If no GPU nodes exist, run this command to provision one default GPU node:

[source,shell]
----
./pattern.sh make create-gpu-machineset-azure
----

This creates a single `Standard_NC8as_T4_v3` GPU node.

=== Customizing GPU Node Creation

To control GPU node specifics, provide additional parameters:

[source,shell]
----
./pattern.sh make create-gpu-machineset-azure GPU_REPLICAS=3 OVERRIDE_ZONE=2 GPU_VM_SIZE=Standard_NC16as_T4_v3
----

Parameters available:

* `GPU_REPLICAS`: Number of GPU nodes to provision.
* `OVERRIDE_ZONE`: Availability zone (optional).
* `GPU_VM_SIZE`: Azure VM SKU for GPU nodes.

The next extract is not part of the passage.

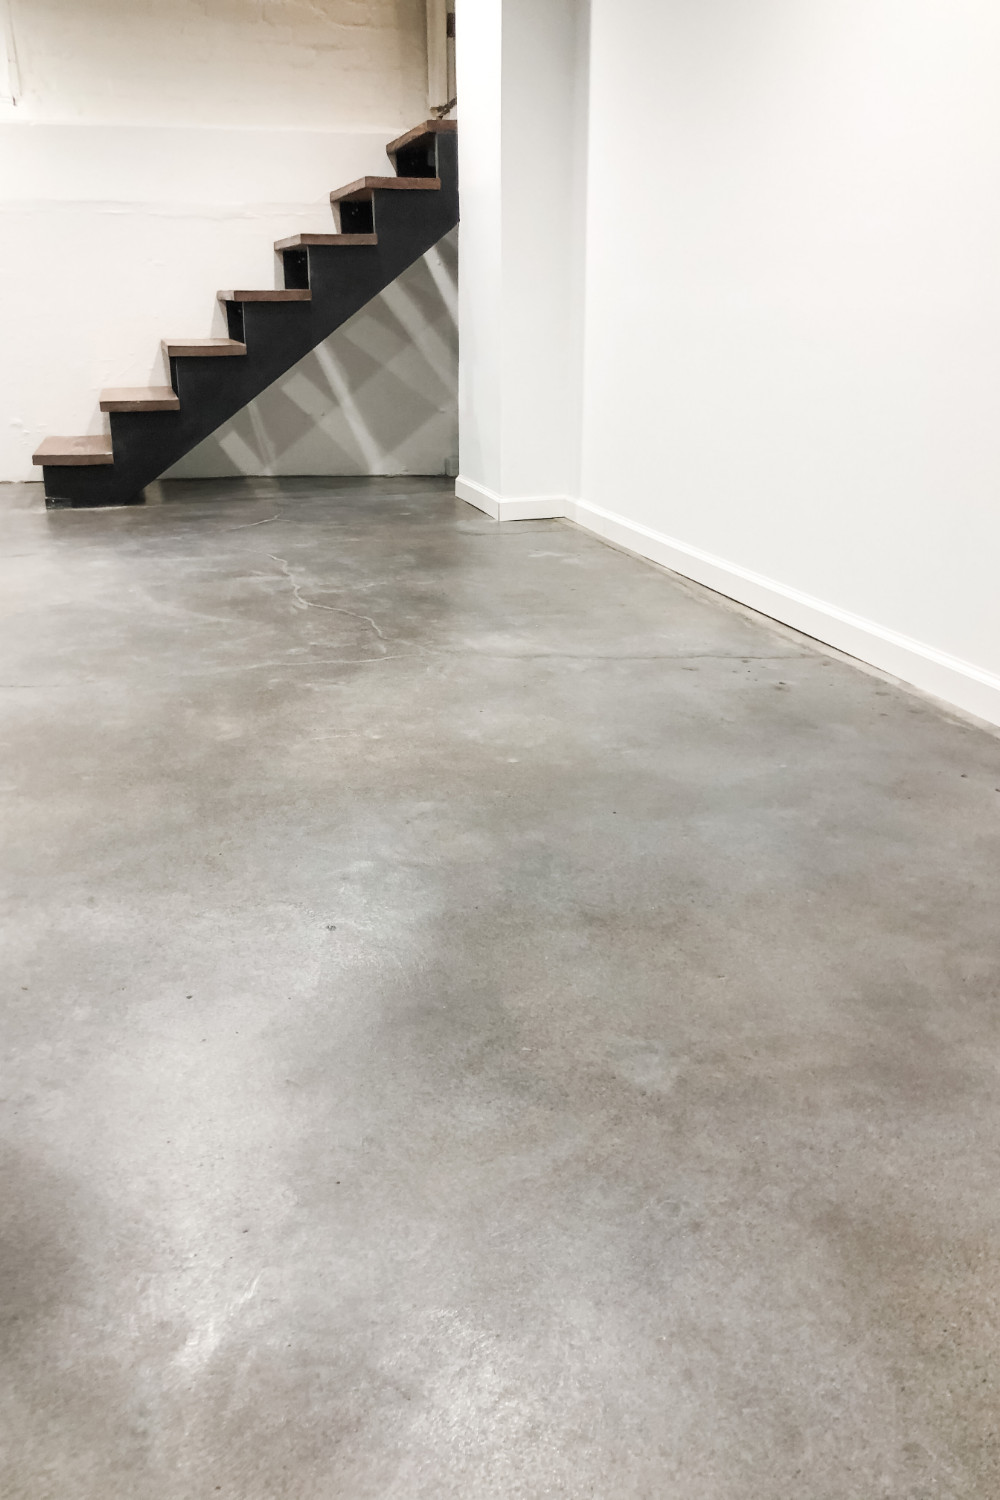 What Causes Gray Stains on Concrete Floors?

The script automatically applies the required taint. The Nvidia Operator installed by the pattern will handle CUDA driver installation on GPU nodes.

== Installing the Pattern

Ensure you've completed the following steps:

. Logged into your ARO cluster.
. Created your database (Azure SQL Server) if applicable.
. Prepared the secrets YAML file (`~/values-secret-rag-llm-gitops.yaml`).
. Provisioned GPU nodes with the required taint.

Finally, install the pattern by running:

[source,shell]
----
./pattern.sh make install
----

Your RAG-LLM GitOps Validated Pattern will now deploy to your Azure Red Hat OpenShift cluster.